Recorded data
####

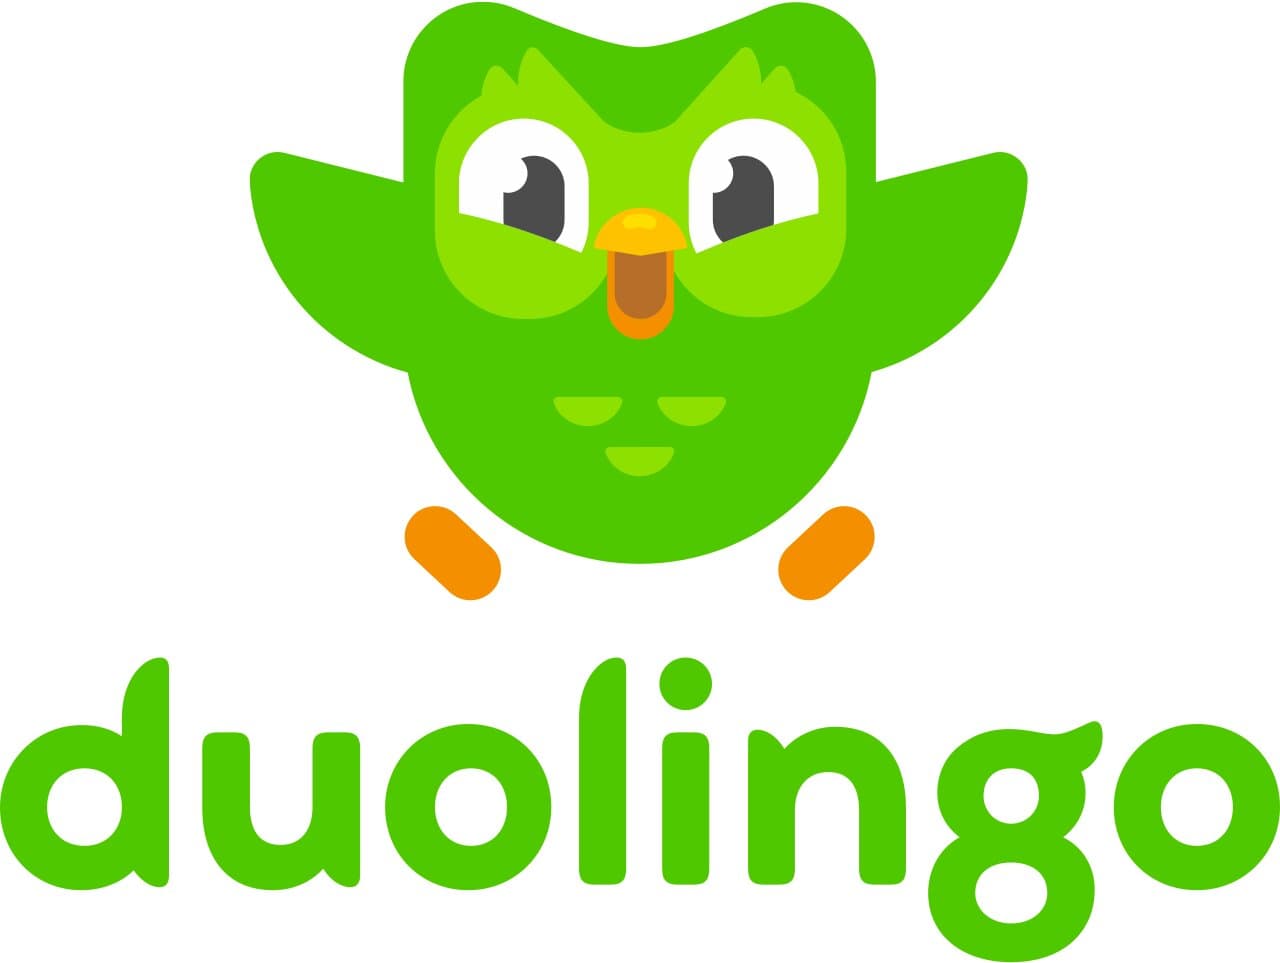 is duolingo safe
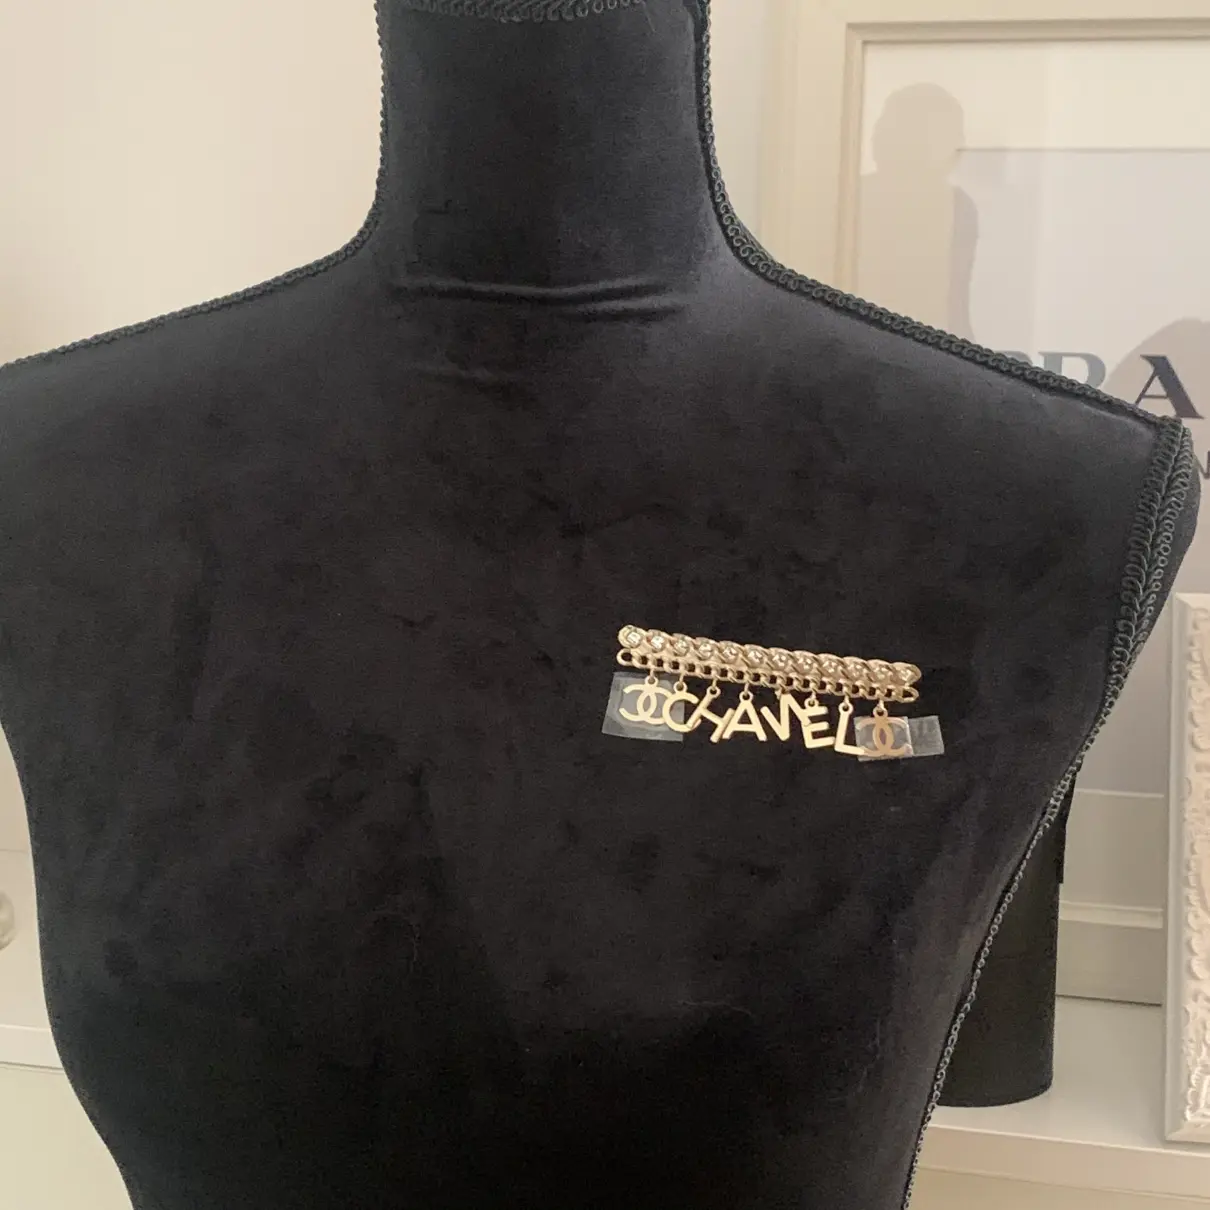 Buy Chanel CHANEL pin & brooche online
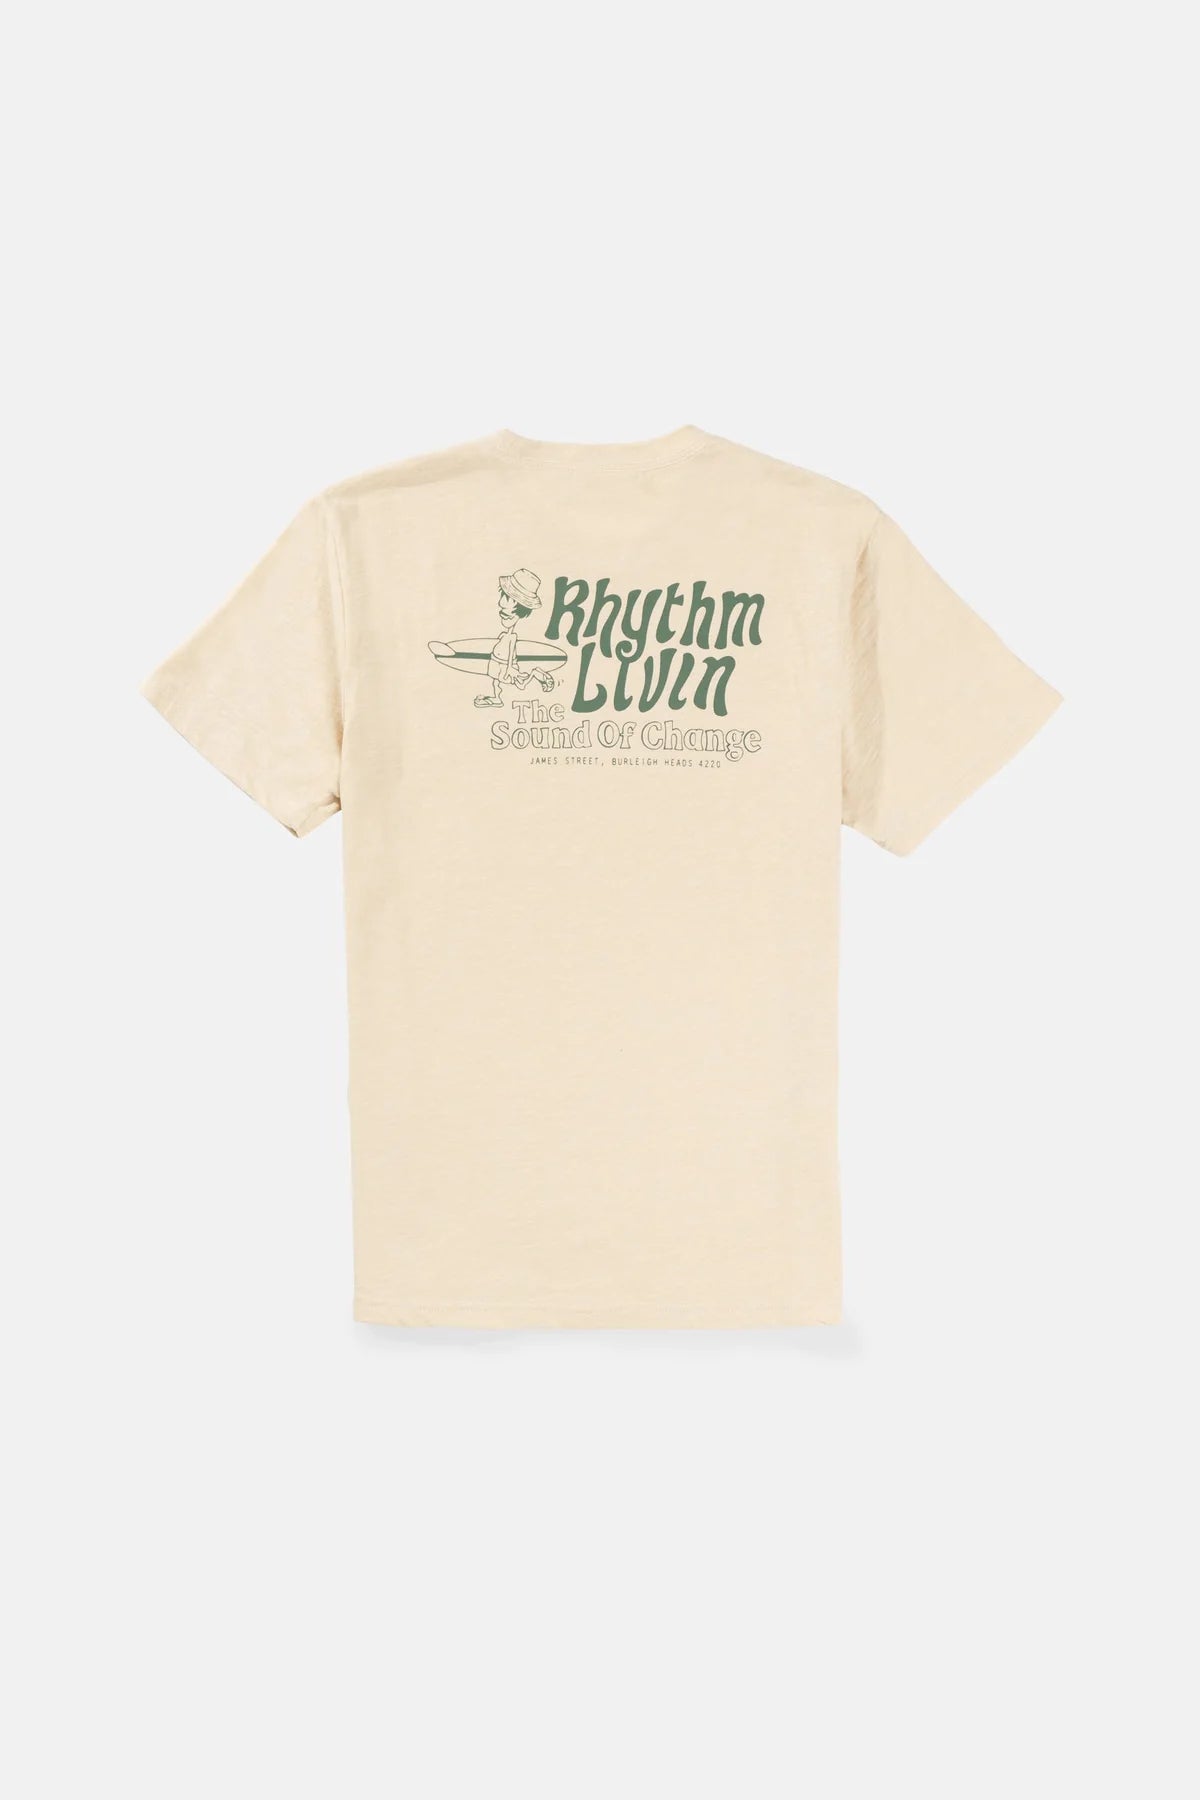 Livin Slub Ss T-Shirt Natural | Men Collective
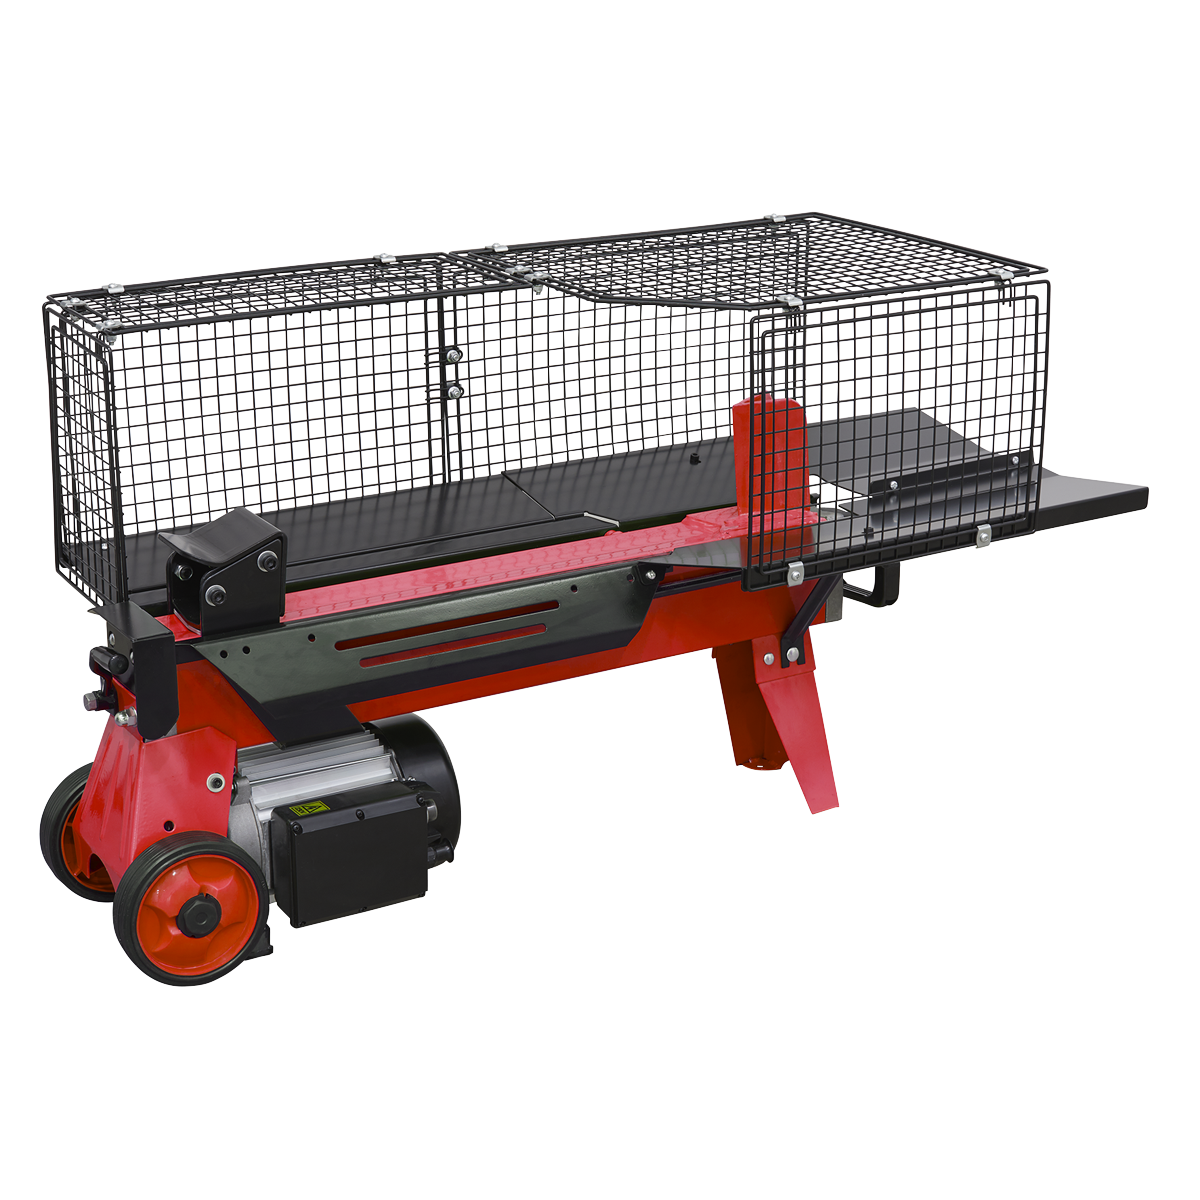 Horizontal Log Splitter 5tonne 520mm Capacity - LS520H - Farming Parts
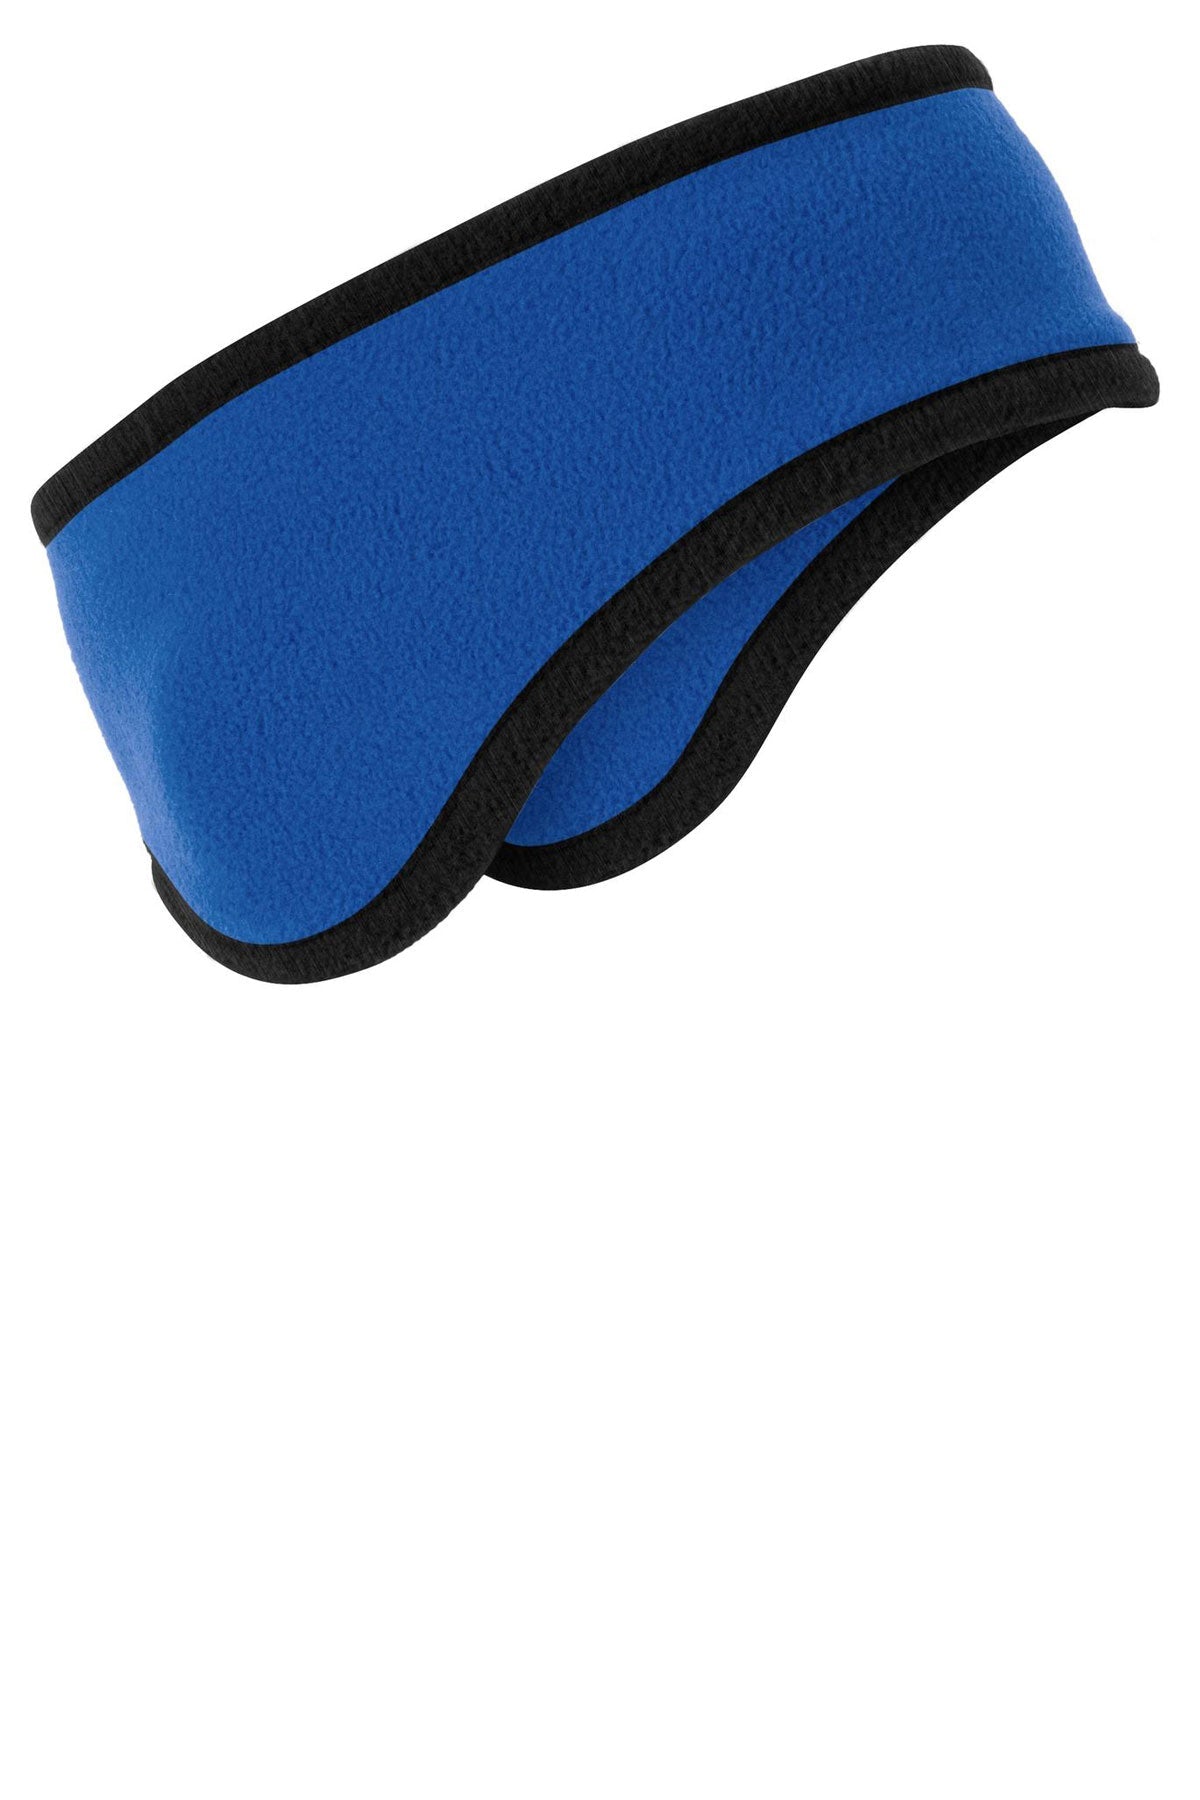 Port Authority Two-Color Fleece Customized Headbands, Royal
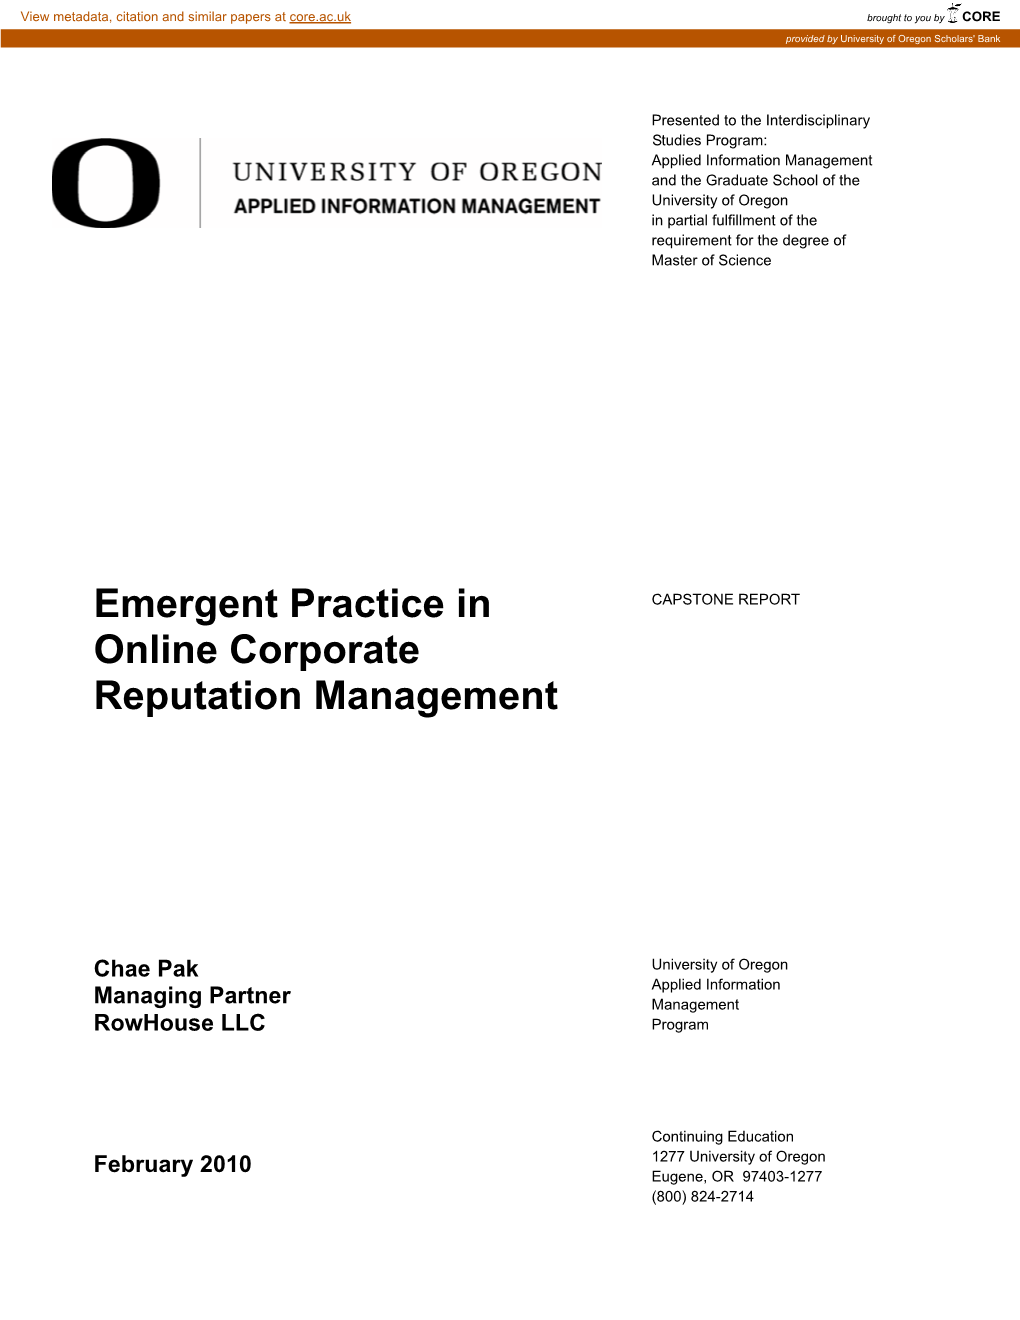 Emergent Practice in Online Corporate Reputation Management

####

[To do]: Exact copies of all the entries, without any pictures, are what the answer must contain.

[Solved exercise]:
 is duolingo safe
 Buy Chanel CHANEL pin & brooche online
 Livin Slub Ss T-Shirt Natural | Men Collective
 Horizontal Log Splitter 5tonne 520mm Capacity - LS520H - Farming Parts
 Port Authority Two-Color Fleece Customized Headbands, Royal
 Emergent Practice in Online Corporate Reputation Management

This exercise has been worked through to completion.